Y es así como en este Sitges 2024, tras años de premios discutibles y películas entronadas difíciles de imaginar fuera de los circuitos habituales del género, El Baño del Diablo triunfa y parece contentar a casi todos. Triplemente premiada, ha recibido el mayor galardón tanto por parte del jurado de la sección oficial, así como ha obtenido el Premio de la crítica José Luis Guarner y el Premio del Jurado Carnet Jove. Un plural reconocimiento que se suma al Oso de Plata ganado por su contribución artística sobresaliente en la Berlinale y a la elección del país austríaco como representación en los próximos Premios Óscar. Y aunque un futuro galardón de Hollywood parece improbable, El Baño del Diablo es en sí misma una victoria del cine a perpetuidad.
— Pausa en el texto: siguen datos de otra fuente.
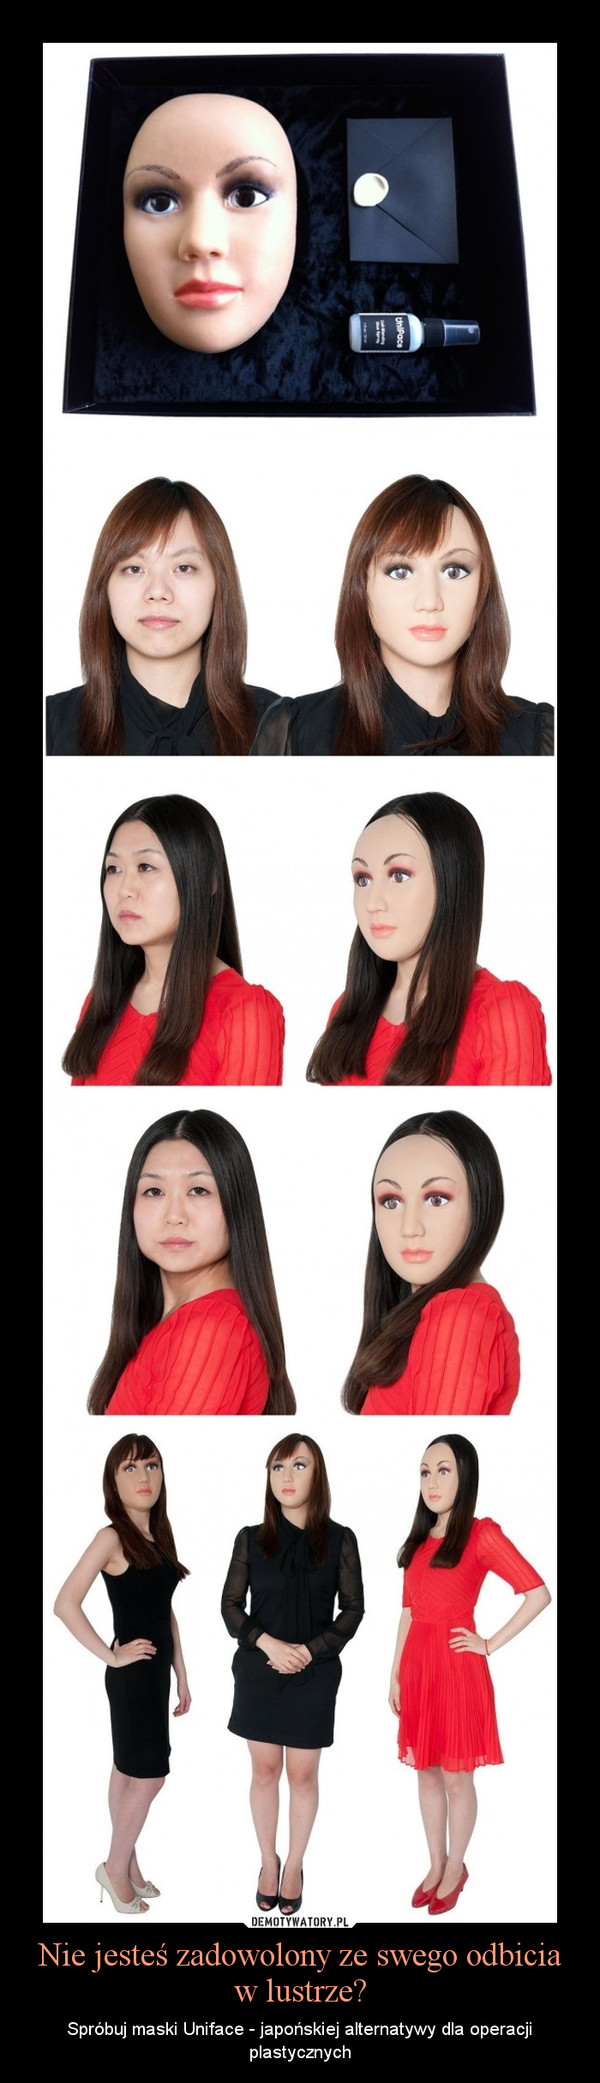 Nie jesteś zadowolony ze swego odbicia w lustrze? – Spróbuj maski Uniface - japońskiej alternatywy dla operacji plastycznych

Lo es en su pulso fílmico y en el desarrollo histórico que ofrece, en su capacidad divulgativa y en el modo como, mostrándonos el pasado, nos interpela desde el presente. Pura lección de historia. Incluso la sinopsis suena a actualidad: la depresión de una mujer que, al no encajar en sociedad, se autoexige hasta la enfermedad. Así suceda en el s. XVIII y la melancolía nos sumerja, literalmente, en el baño del diablo.


LA ANTESALA DEL MAL

Es fácil imaginar como en el pasado una simple depresión (que nunca es simple) era motivo suficiente para que te percibieran bajo un estigma diabólico. Desde la ignorancia popular de la época y por culpa de tanta superstición religiosa (que los barberos hicieran de médicos tampoco ayudaba), era imposible sanar a quienes padecían de una tristeza profunda y permanente. Dicha resistencia melancólica era entendida como obra del mal y, precisamente, el baño del diablo era ese espacio intermedio entre lo terrenal y la definitiva posesión demoníaca. Una triste evolución para una problemática que desde la Antigua Grecia se había abordado desde la filosofía o la ciencia. Sin soluciones concluyentes, pero sin la nebulosa del prisma religioso. Para Aristóteles, según Problemata XXX (o según las notas de su alumno Teofrasto), la melancolía era un síntoma de la excepcionalidad de los grandes personajes, de las mentes sensibles. Queda claro que durante el medievo lo vieron de otra manera.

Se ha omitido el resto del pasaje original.